Your task: Repeat verbatim what the listing holds, but not its pictures.

Supplied information:
┄┄┄┄┄┄┄┄┄┄

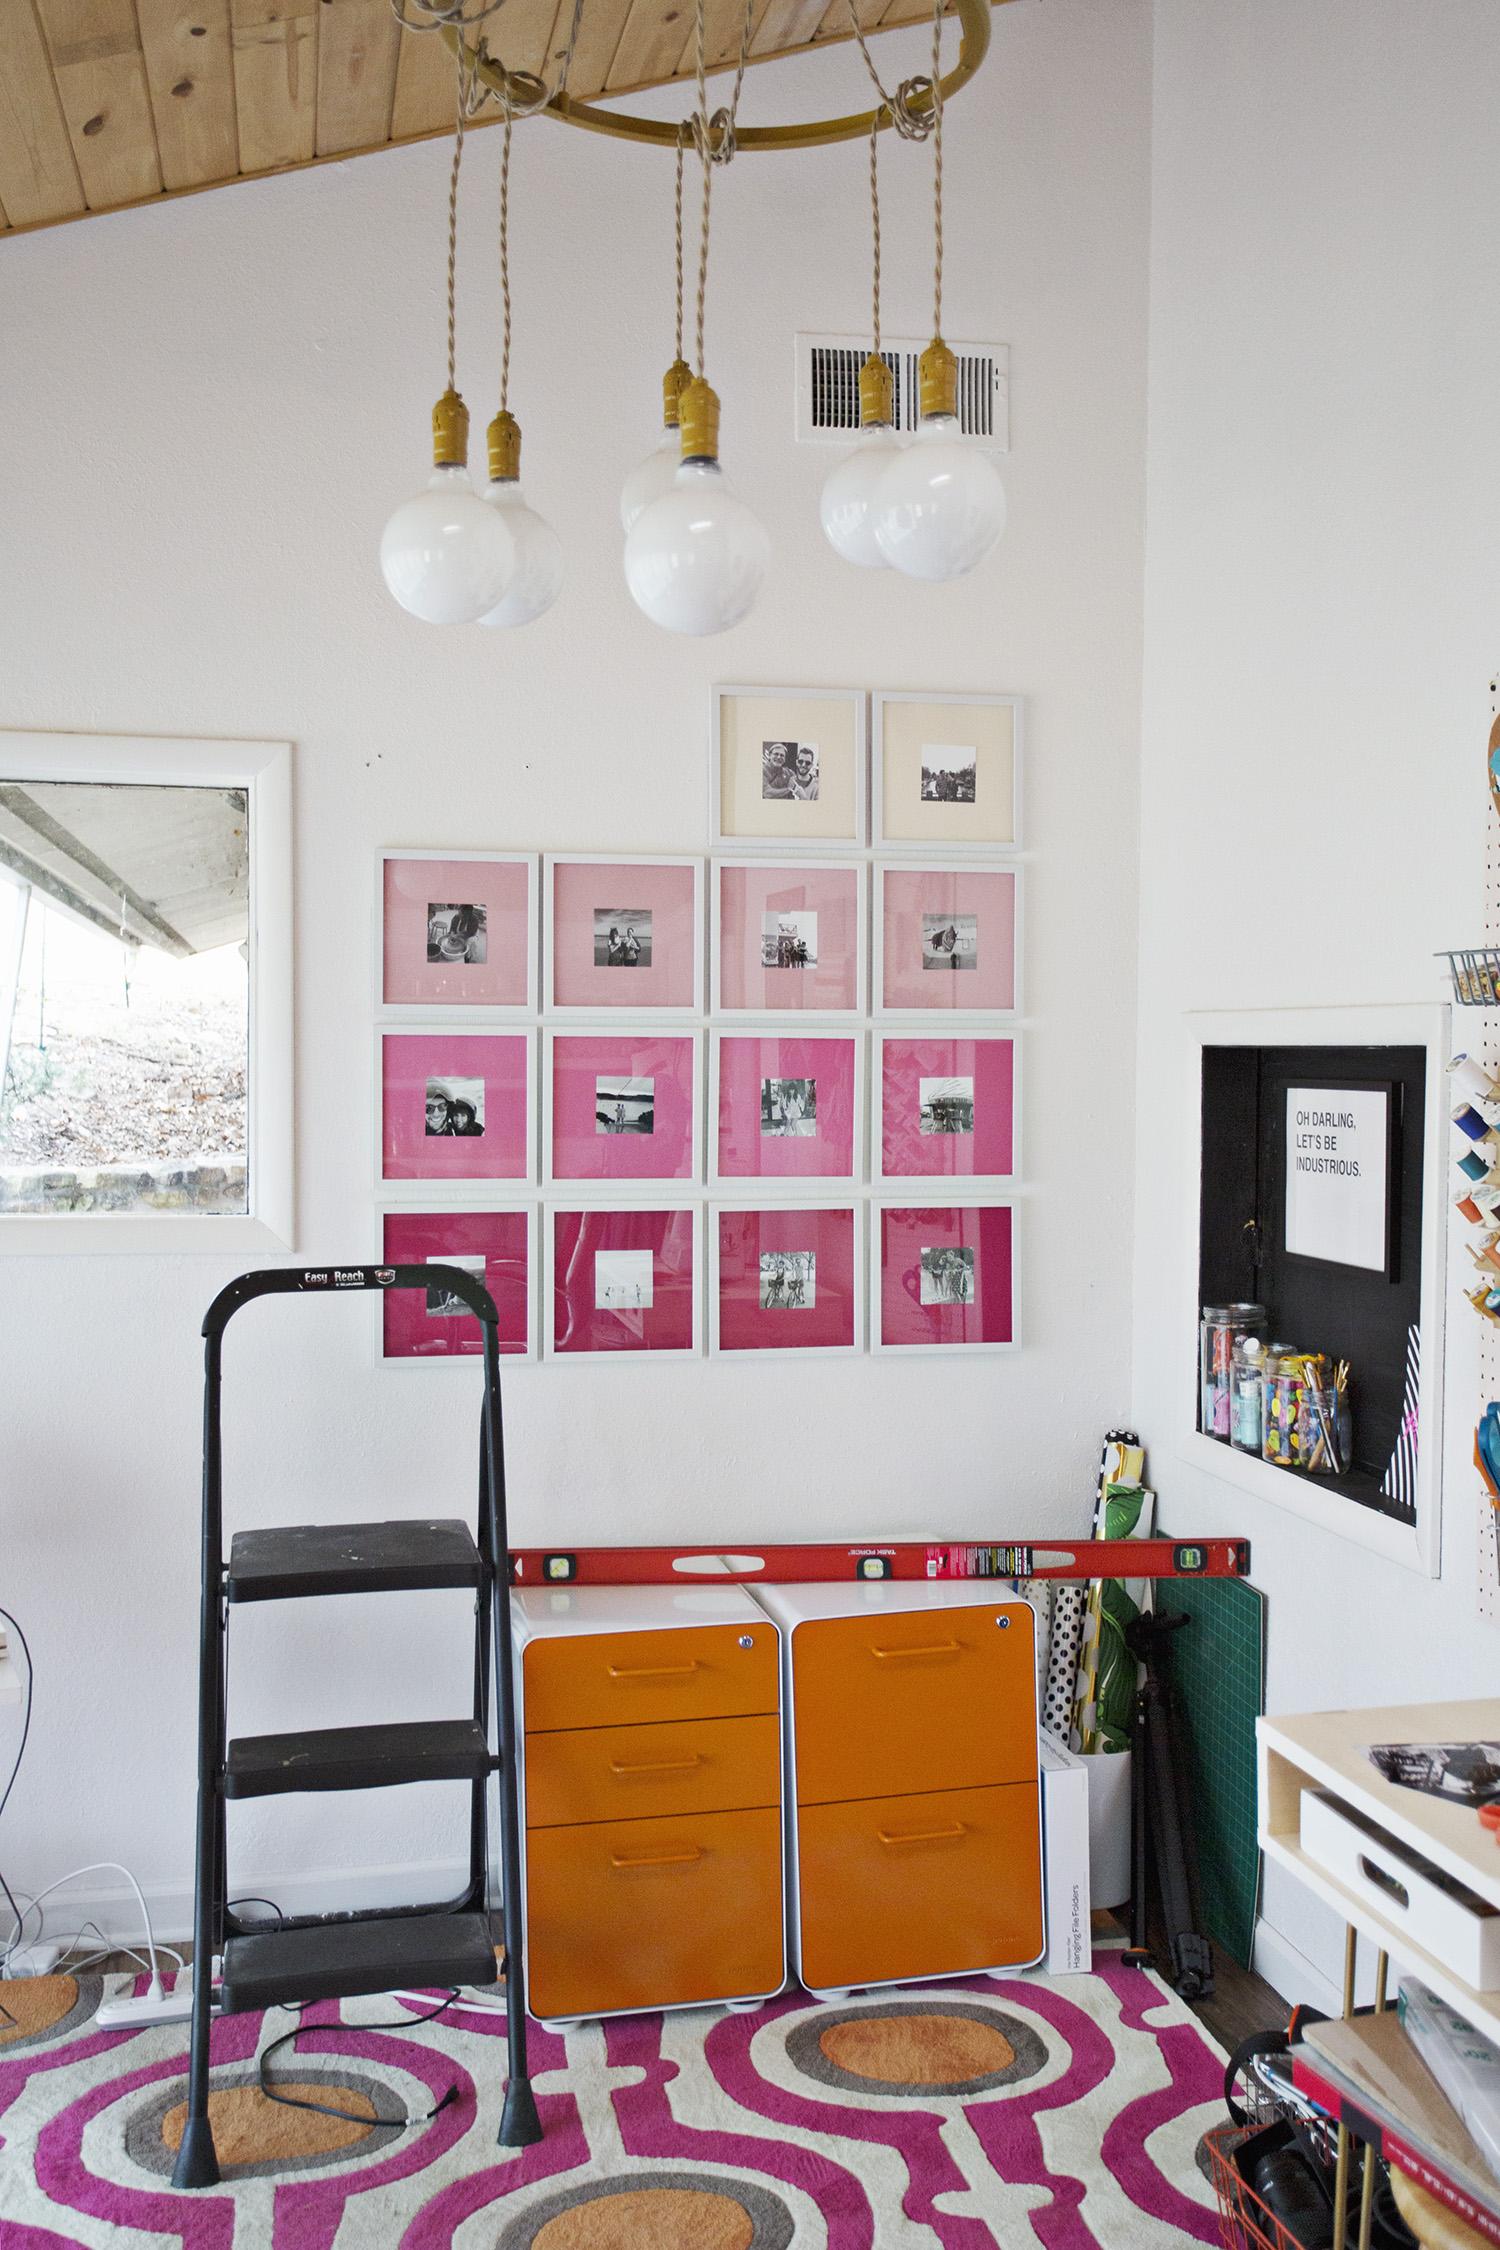 Hang the frames
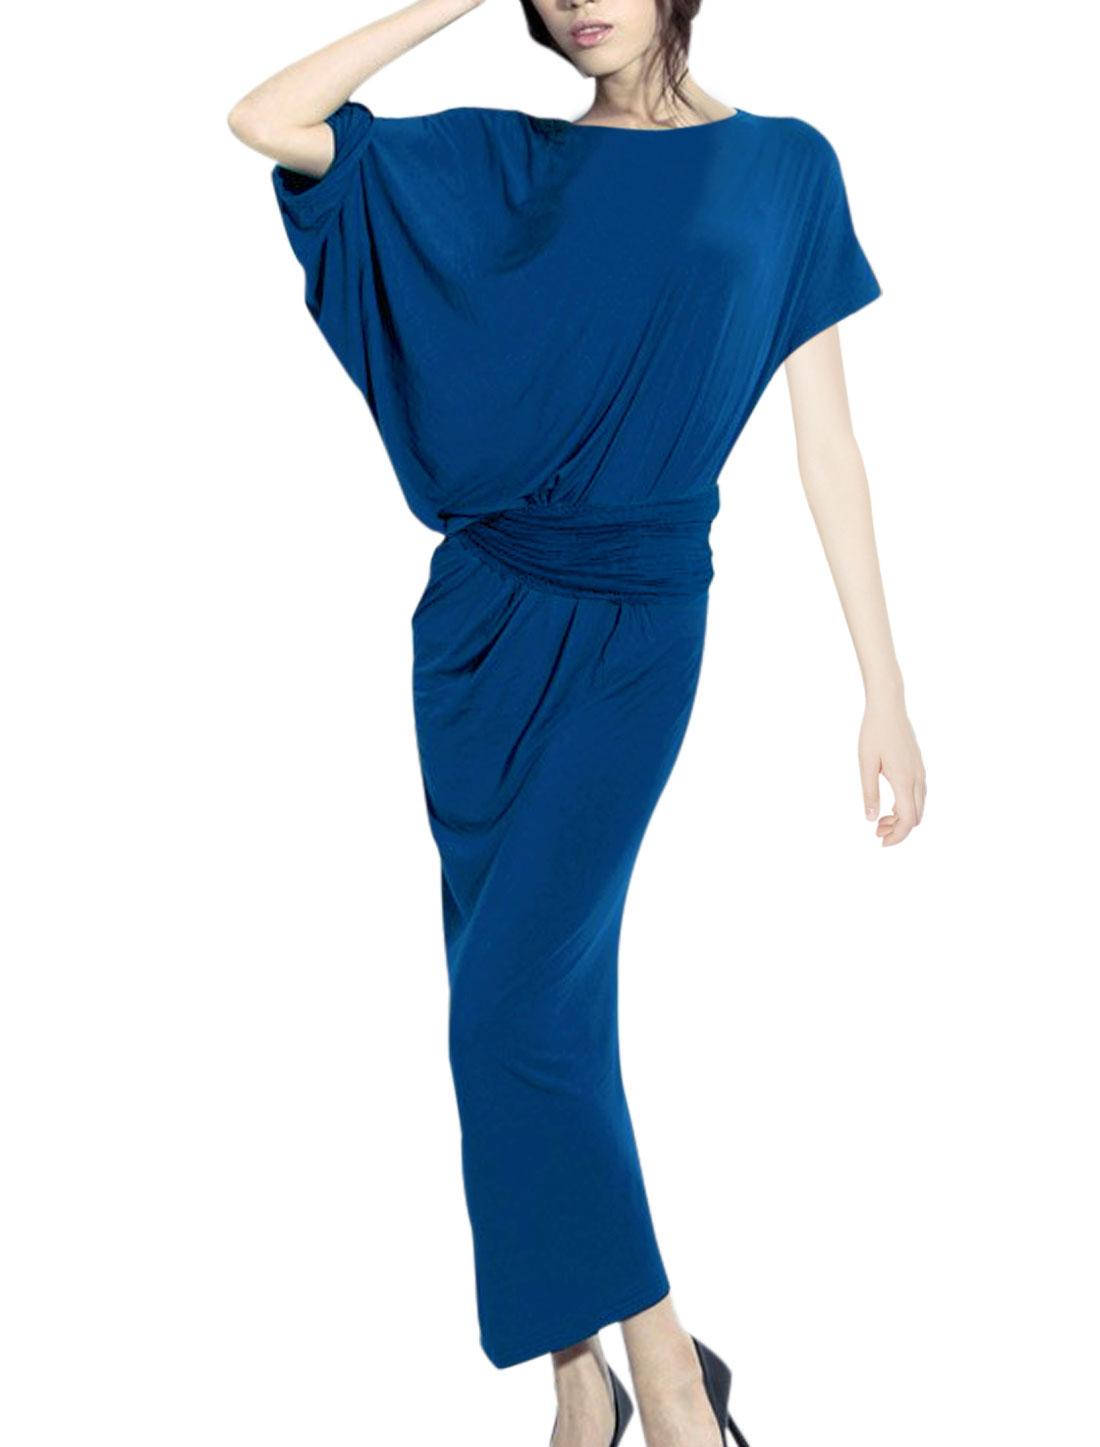 Lady Short Batwing Sleeve Closet Ring Waist Dress Royal Blue S
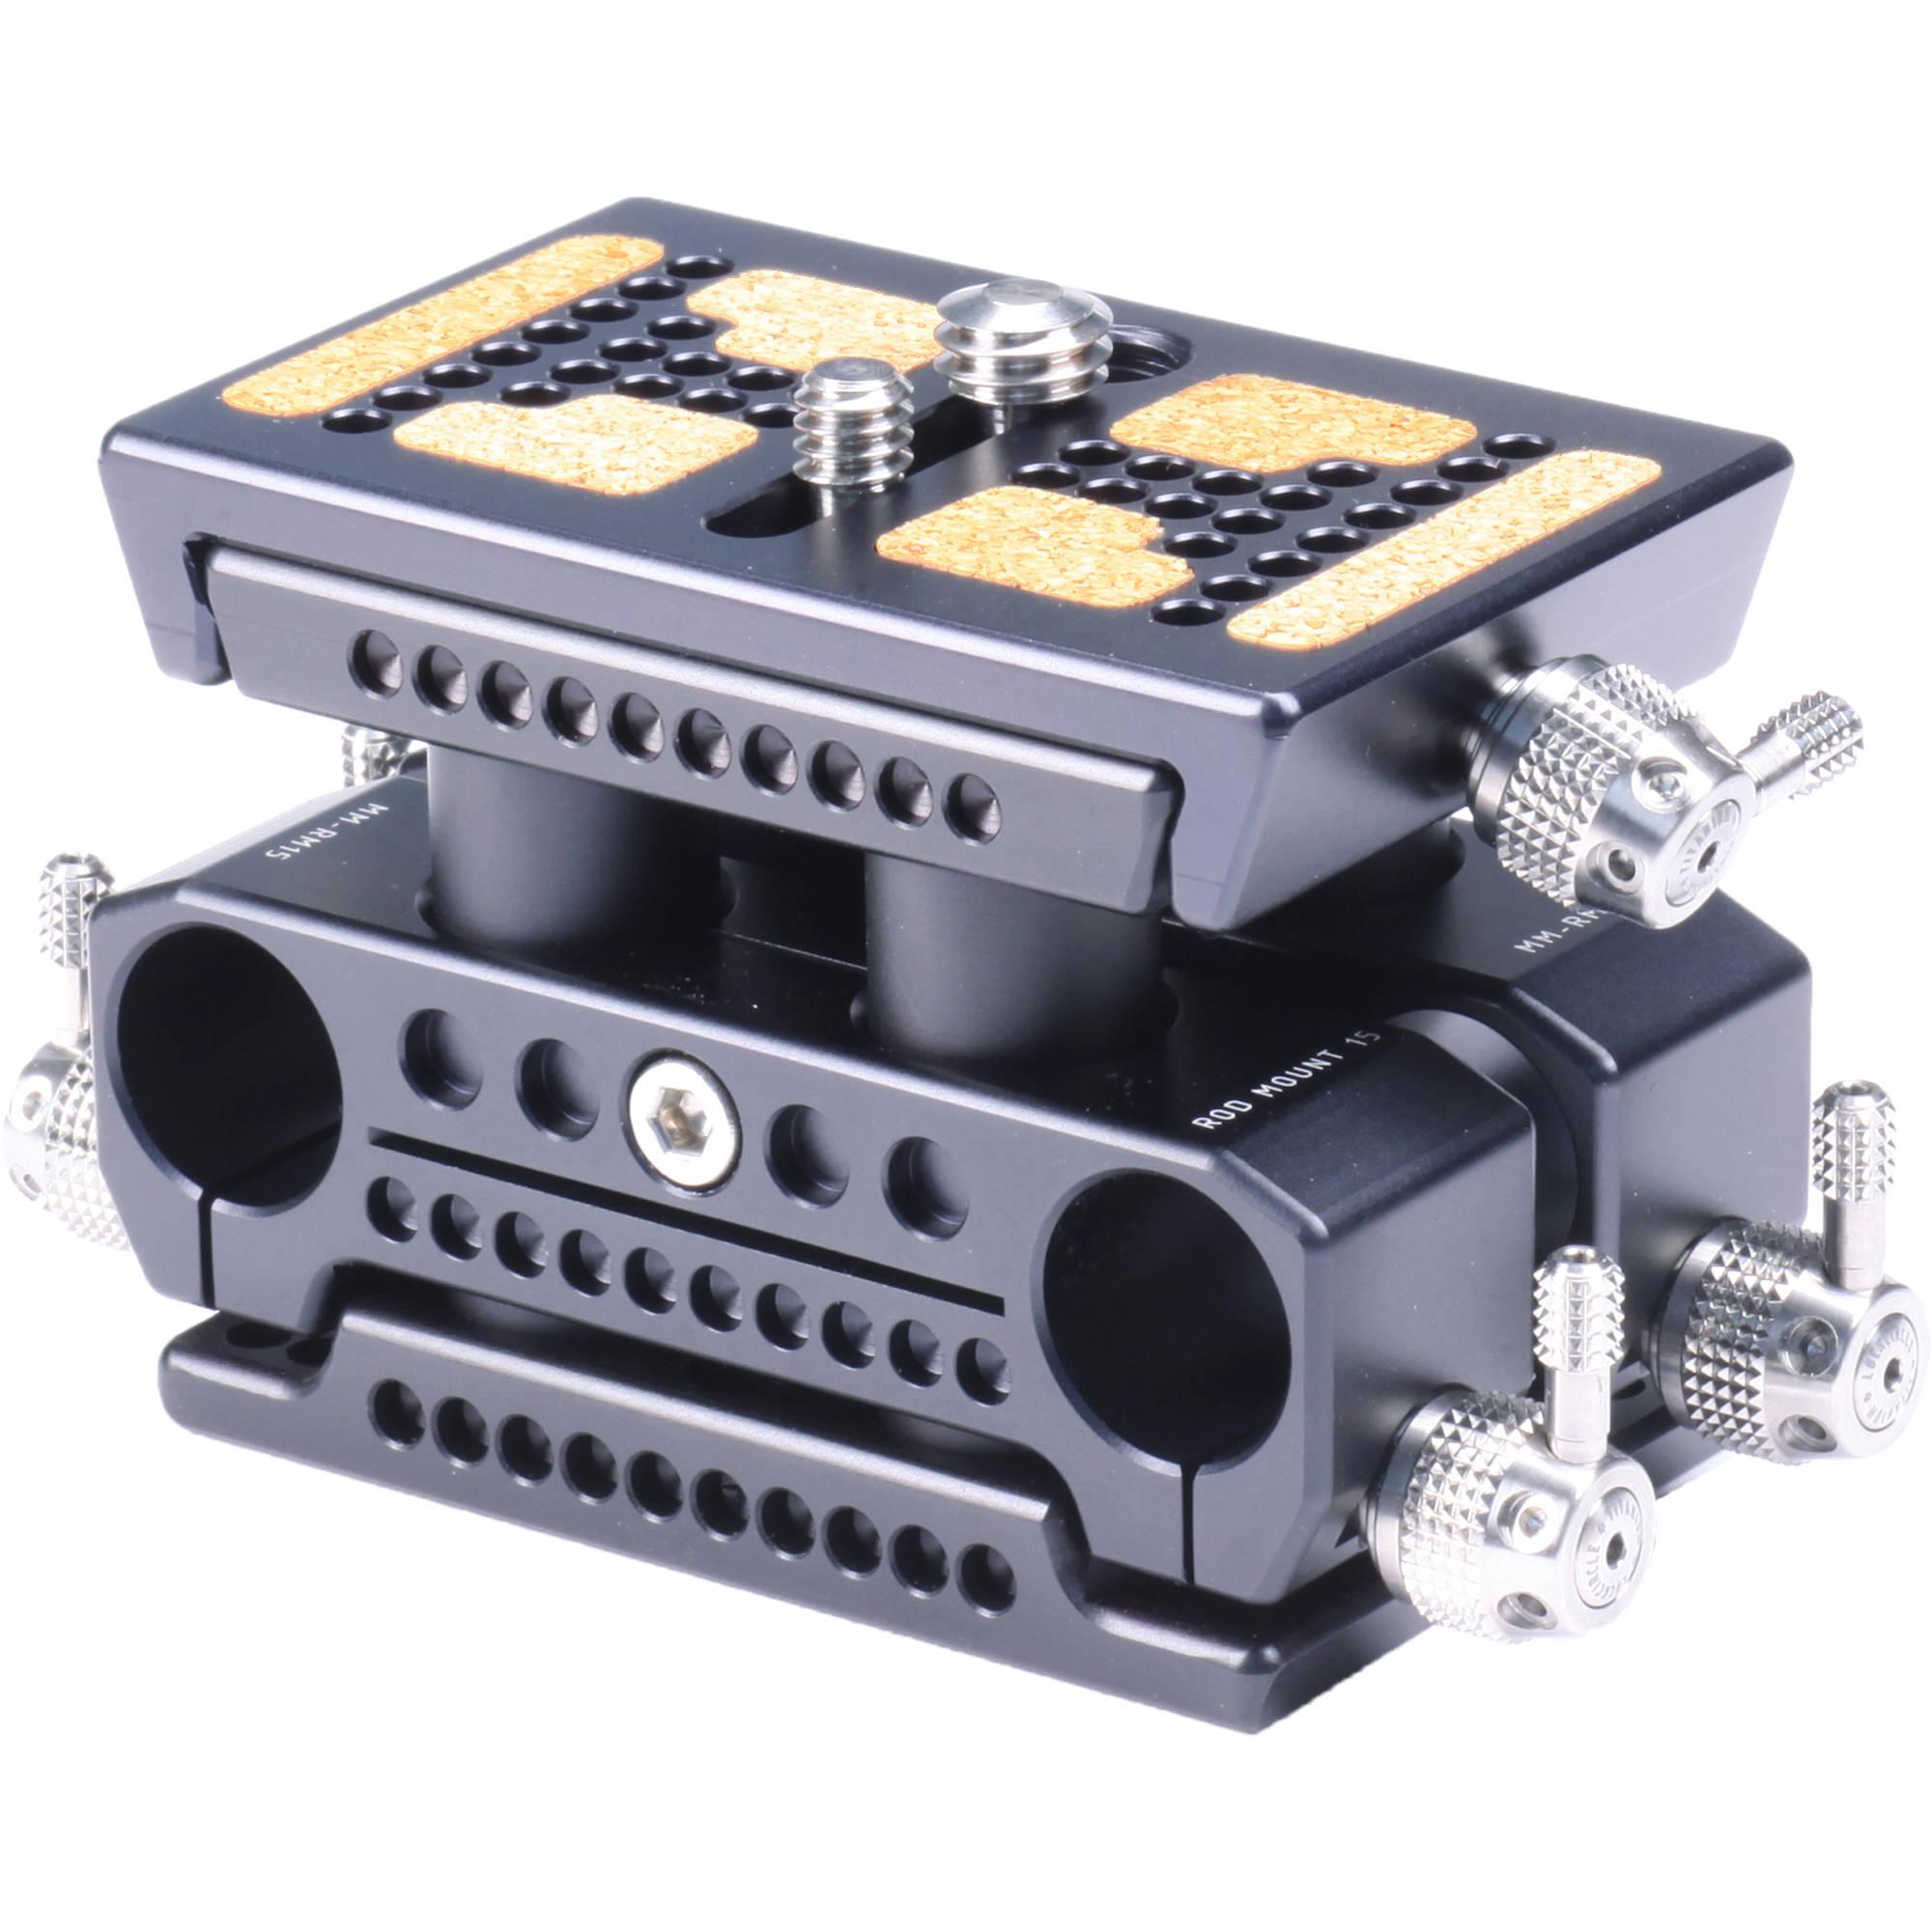 Https C Product 1322260 Reg Vibe Stereo Kit 8 Gauge Amplifier Wiring 1500w Audio Images Lockcircle Lb Bb Baseplate Mj 1372051

┄┄┄┄┄┄┄┄┄┄

Exercise answer:
 Hang the frames
 Lady Short Batwing Sleeve Closet Ring Waist Dress Royal Blue S
 Https C Product 1322260 Reg Vibe Stereo Kit 8 Gauge Amplifier Wiring 1500w Audio Images Lockcircle Lb Bb Baseplate Mj 1372051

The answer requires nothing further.